* PROMPT *
The task calls for the lines below from the line with "Clés USB publicitaires" to the line with "(Located in Morgan", both ends included, copied exactly, without any pictures.
(Beginning of SOURCE MATERIAL)
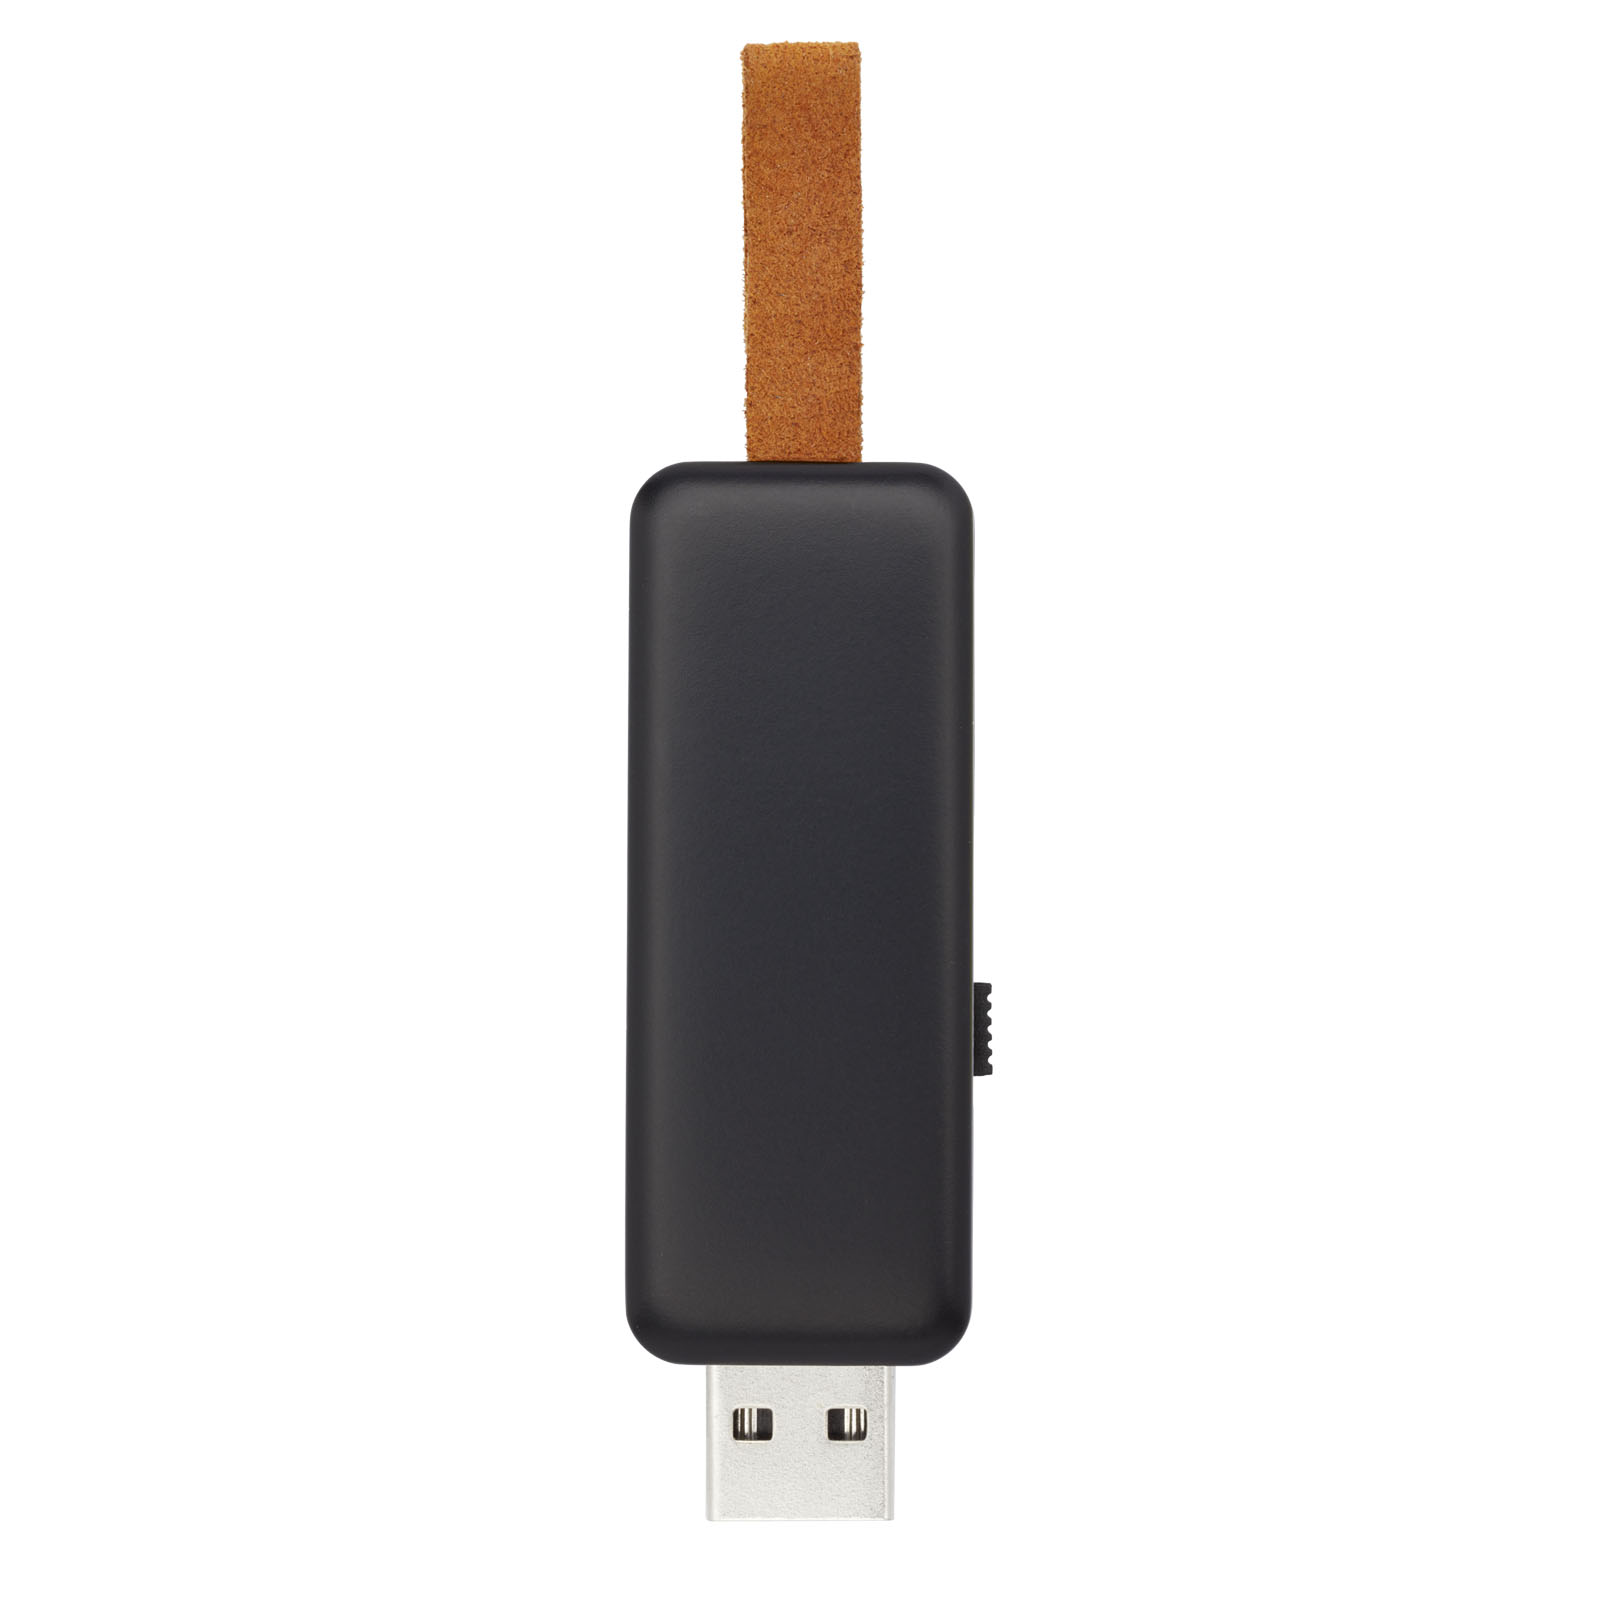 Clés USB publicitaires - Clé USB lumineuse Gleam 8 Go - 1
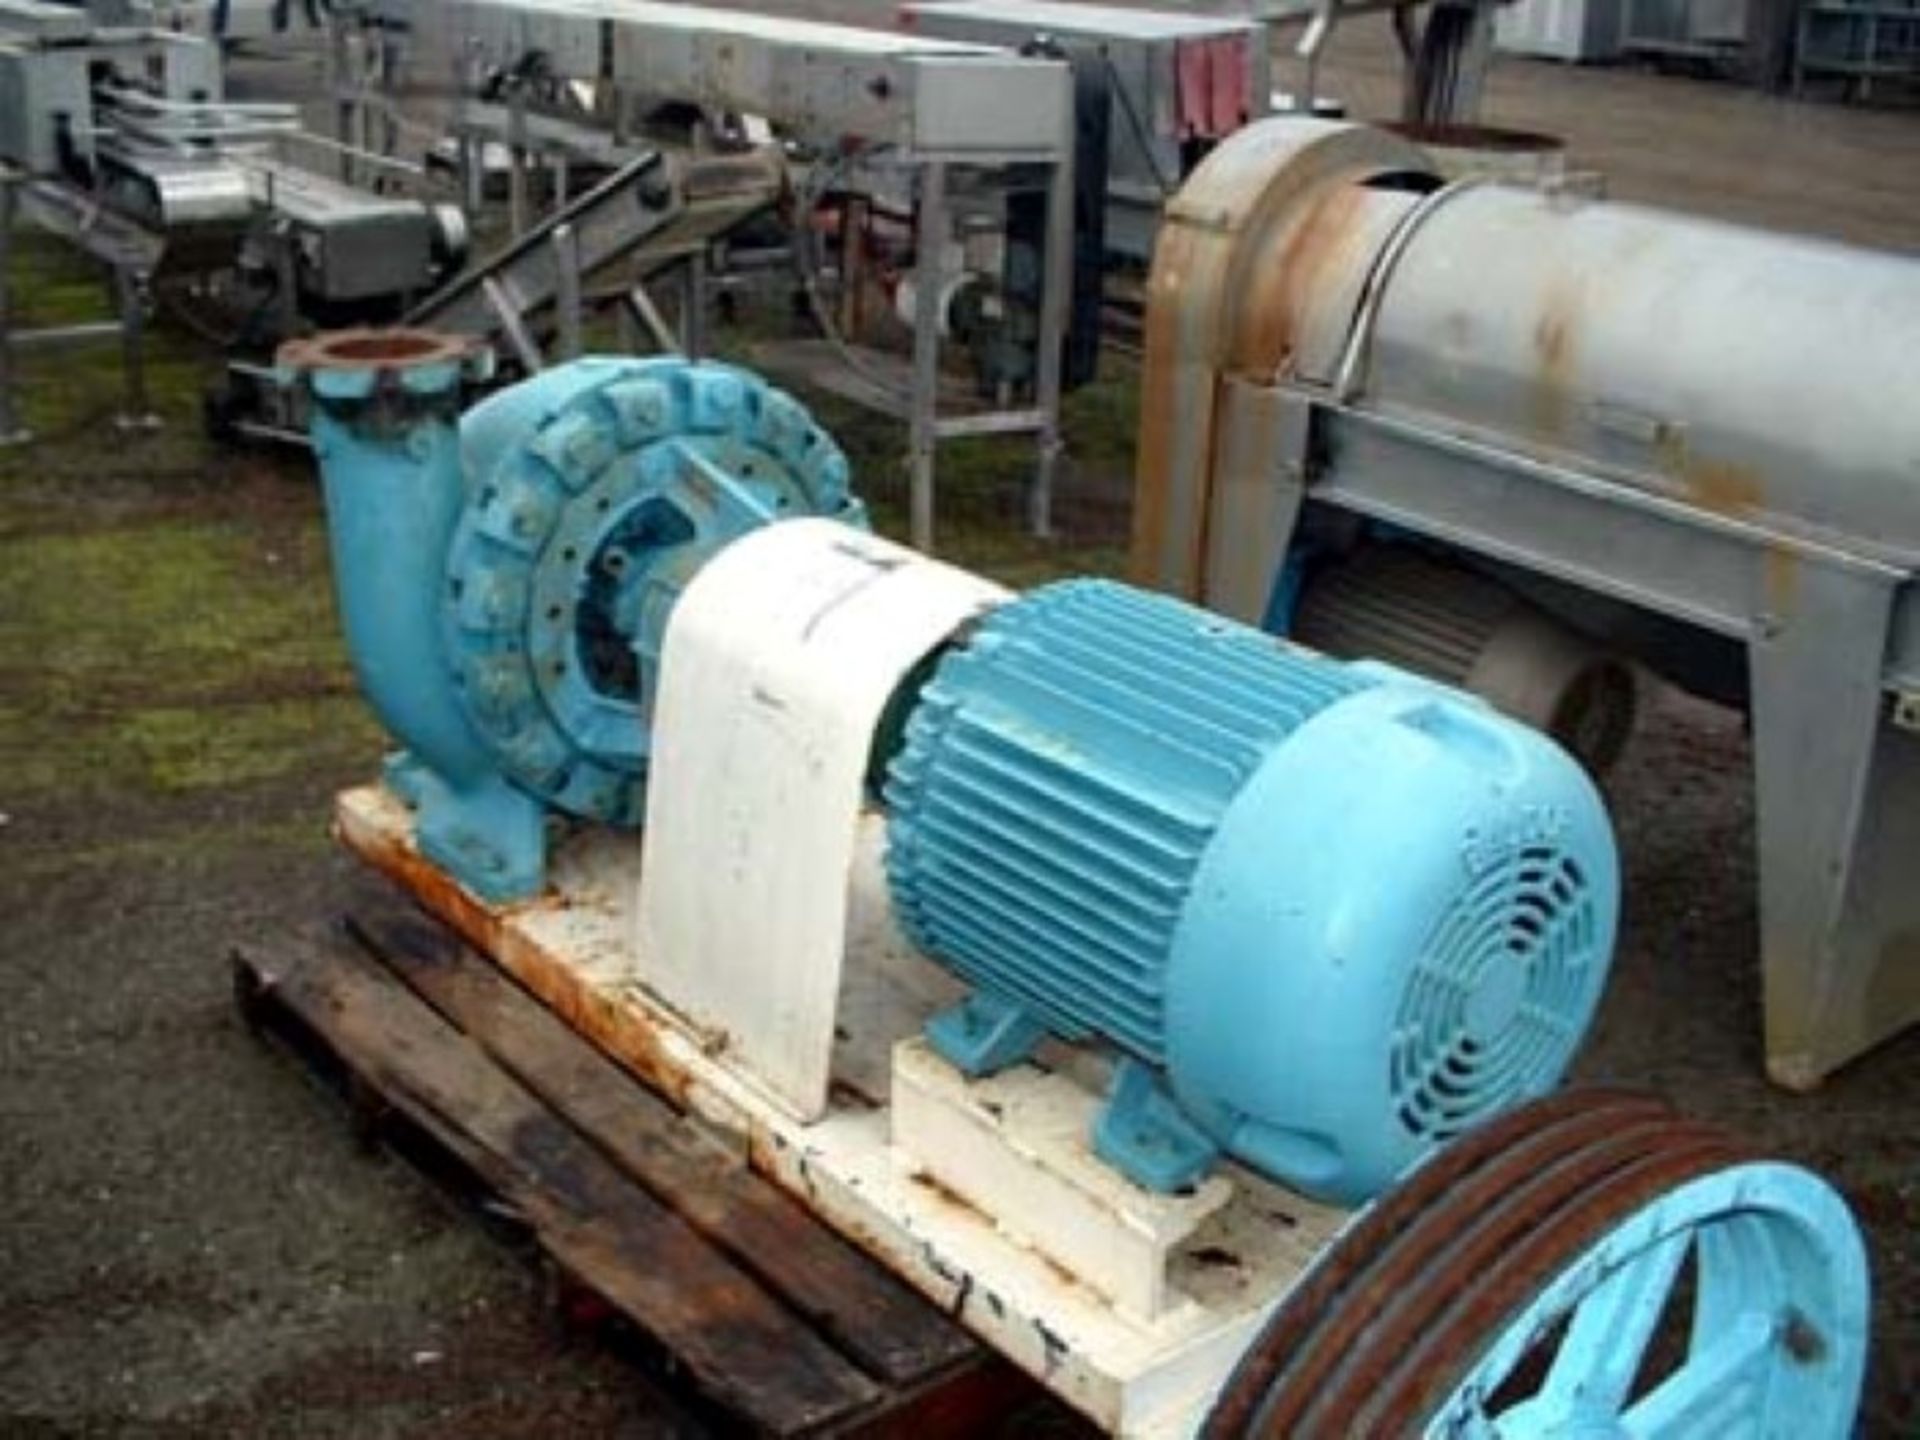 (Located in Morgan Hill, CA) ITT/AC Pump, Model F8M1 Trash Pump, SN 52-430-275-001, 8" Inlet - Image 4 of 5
(End of SOURCE MATERIAL)
(Beginning of SOURCE MATERIAL)
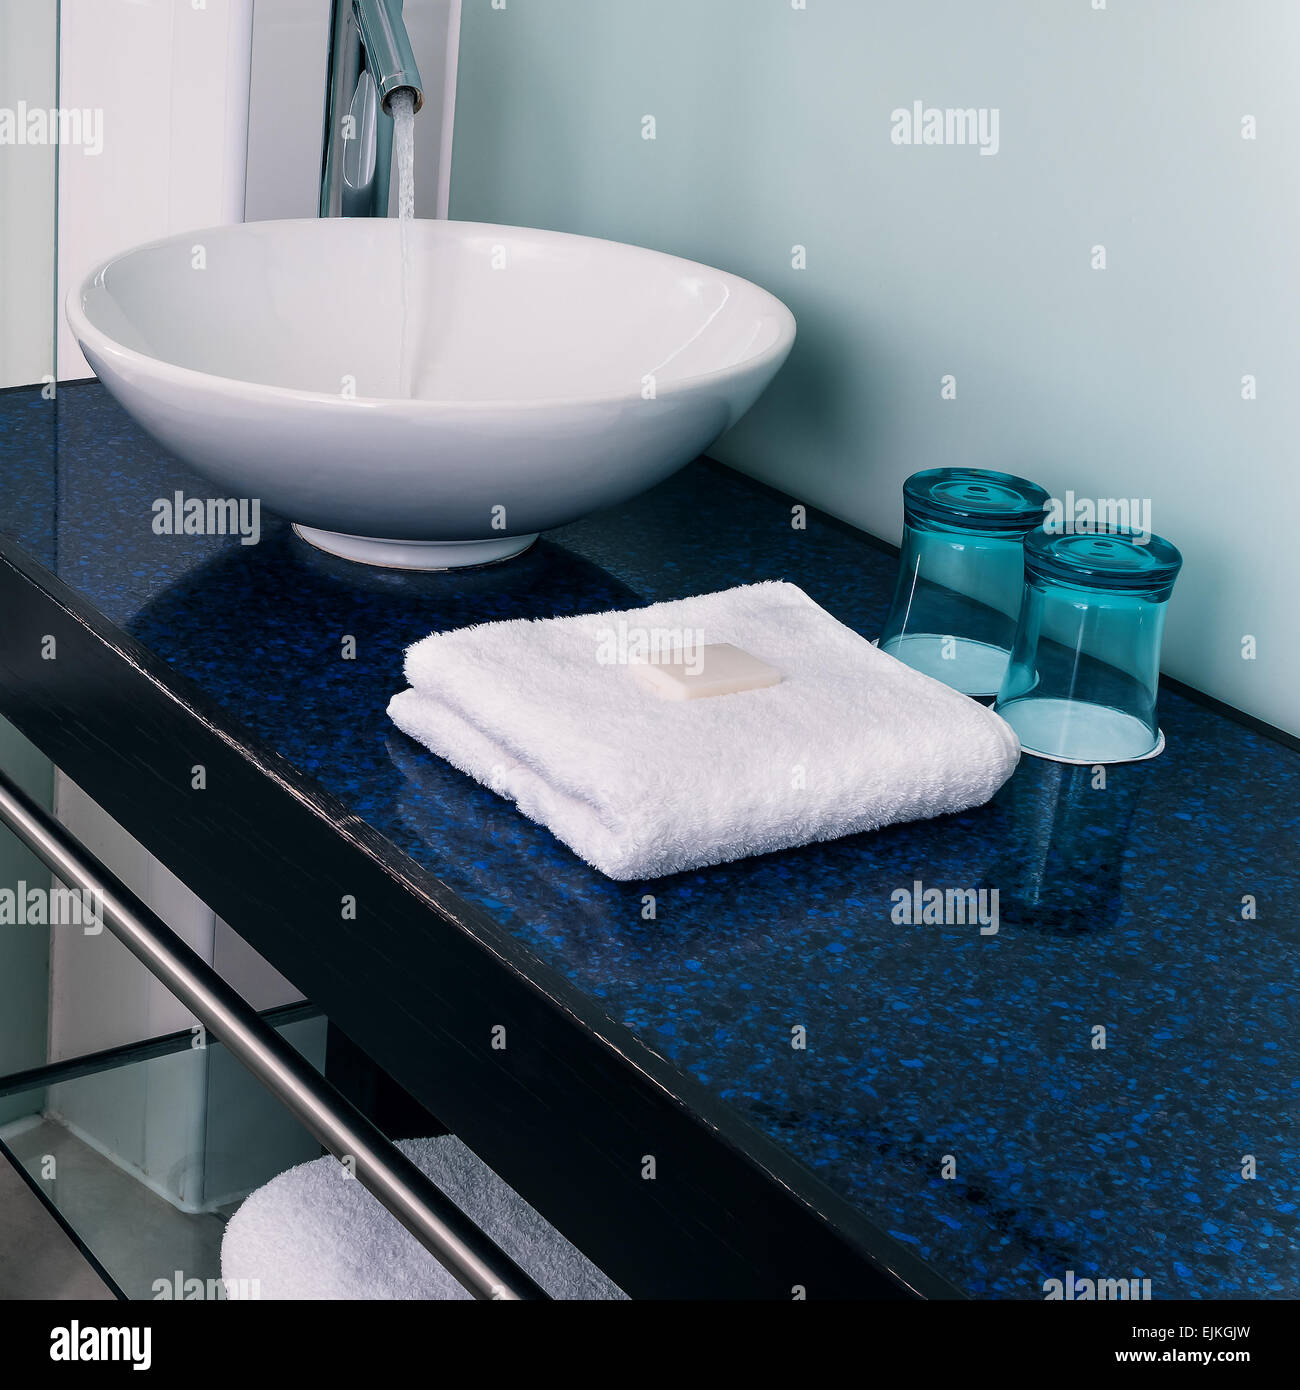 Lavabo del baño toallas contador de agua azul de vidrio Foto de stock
(End of SOURCE MATERIAL)
* EXERCISE ANSWER *
 Clés USB publicitaires - Clé USB lumineuse Gleam 8 Go - 1
 (Located in Morgan Hill, CA) ITT/AC Pump, Model F8M1 Trash Pump, SN 52-430-275-001, 8" Inlet - Image 4 of 5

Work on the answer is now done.